Digital 12/10/13 10:49 - 1122 commenti

I gusti di Digital

Cecinelli, dopo il disastroso Visions, dirige una blanda commedia giovanilistica on the road. L'inizio è dei peggiori, con la presentazione dei quattro giovani afflitti da varie patologie: ci sono gag scarsamente divertenti nonché ripetitive (i tic nervosi del ragazzo malato di Tourette). Il film registra poi una lieve ripresa nel momento in cui Depardieu entra in scena, dopodiché torna a livelli di assoluta mediocrità (si veda a tal proposito la parte finale a Ibiza).

Gabrius79 10/12/13 02:04 - 1206 commenti

I gusti di Gabrius79

Commedia giovanilistica che ironizza bonariamente sulle malattie di quattro giovani ragazzi. Nel corso della prima parte ha diversi momenti divertenti e simpatici grazie anche a una gustosa Lucia Ocone (che però appare poco) e a un Vincenzo Alfieri (il malato di sindrome di Tourette) in stato di grazia (forse anche perché è il meglio servito dalla sceneggiatura). Bene anche il cast dei genitori con Ghini, Tognazzi, Calabresi e Autieri. Nella seconda parte il film si affloscia e perde in freschezza. Depardieu inutile.

Giacomovie 15/12/13 23:58 - 1354 commenti

I gusti di Giacomovie

Nel raccontare la fuga di quattro giovani da una casa di cura si tende al quasi banale-demenziale, ma dall'altro lato della medaglia si fa emergere una semplice e utile morale: alcuni disturbi comportamentali dei figli sono spesso causati dal modo in cui vengono trattati dai genitori e il miglior modo per curarli è il favorore il contatto con la vita. Gli attori più noti del cast sostengono il film, soprattutto la Autieri. **!

Cangaceiro 15/02/14 14:06 - 982 commenti

I gusti di Cangaceiro

Da un soggetto scadente il giovane videoclipparo Cecinelli riesce inspiegabilmente a tirar su un film dinamico, godibile, con un ritmo incalzante che fa da antidoto alla noia. Lo sgangherato road movie vive di cose vecchie quanto il cinema ma si lascia guardare per una spensieratezza di fondo innegabile. Si ridacchia senza pensarci troppo su, lontani da pistolotti, da pubblicità progresso sul disagio giovanile e la diversità. Depardieu fa capolino a sorpresa ma senza recitare in italiano. Dei ragazzi il più spontaneo è Propizio, Tognazzi svetta tra i senior.

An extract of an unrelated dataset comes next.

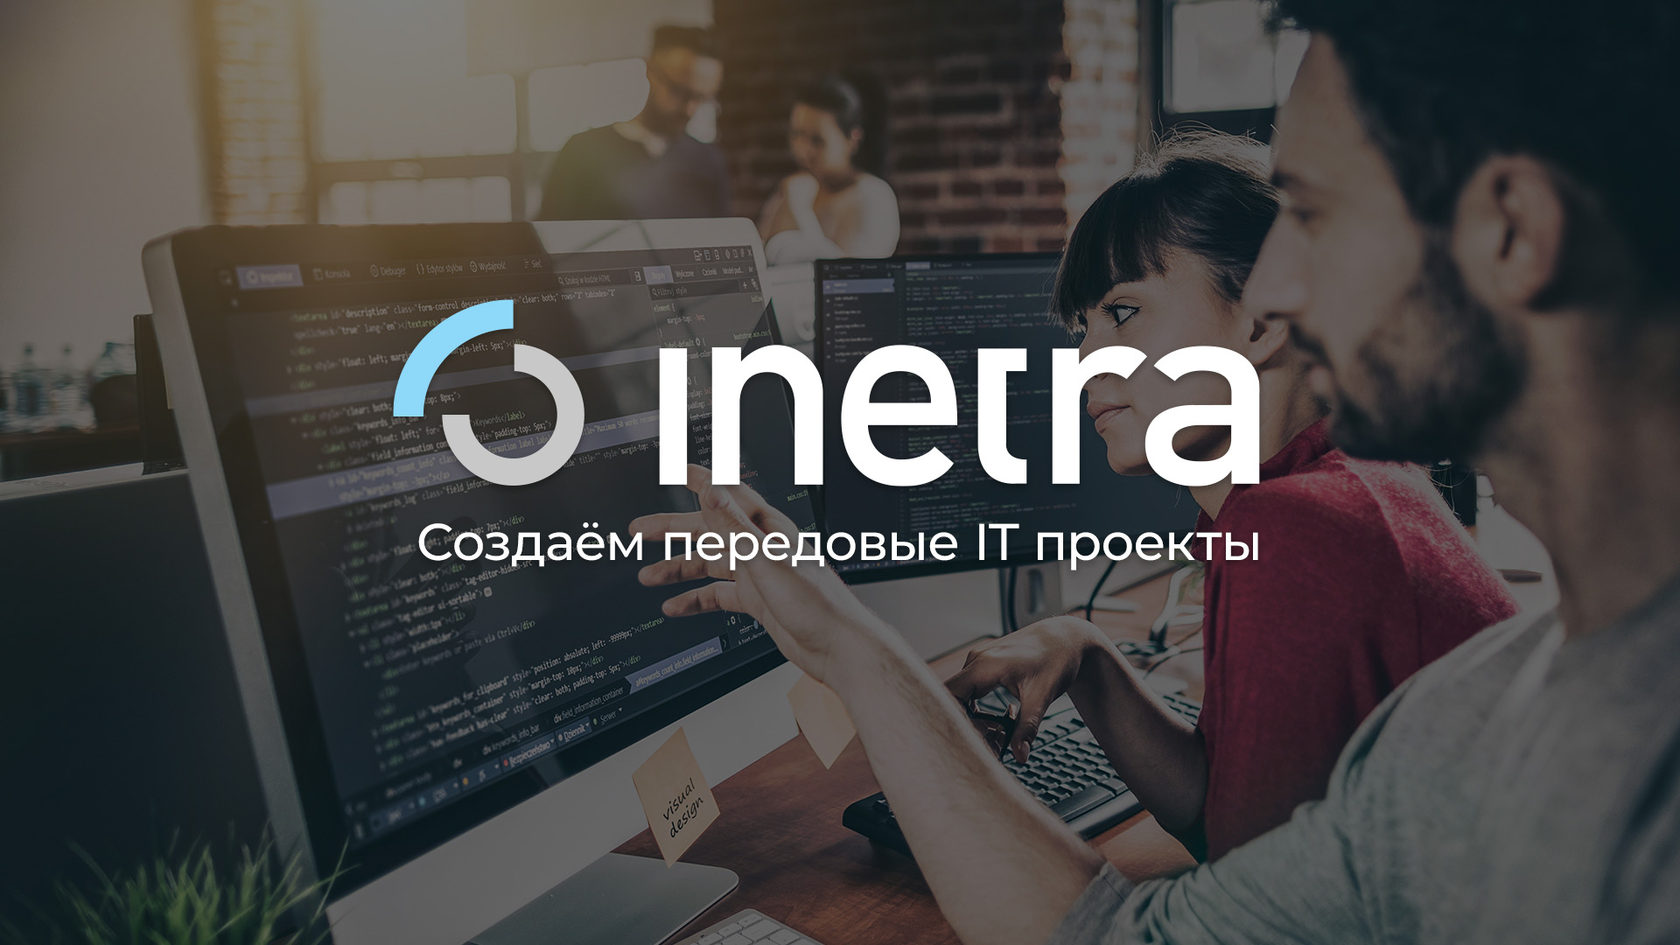 Инетра - продуктовая IT-компания, разработавшая такие проекты как Peers.TV, Likemeal, CN.RU, DRON.digital, Поток и Простор.

Rambo90 27/06/14 23:53 - 6428 commenti

I gusti di Rambo90

Film giovanilistico, un po' meno banale della media e con qualche trovata simpatica (soprattutto nella prima parte, la più veloce) ma che non riesce a uscire dalla mediocrità, soprattutto a causa di un cast poco affiatato e di scarso valore. Il migliore tra i giovani protagonisti è Alfieri (quello affetto da Tourette); gli altri niente di che, compreso il pessimo Propizio. Nella seconda parte si fa di tutto per trovare un finale che vada bene a ogni personaggio, ma per fortuna si fa tutto in chiave leggera e non melodrammatica.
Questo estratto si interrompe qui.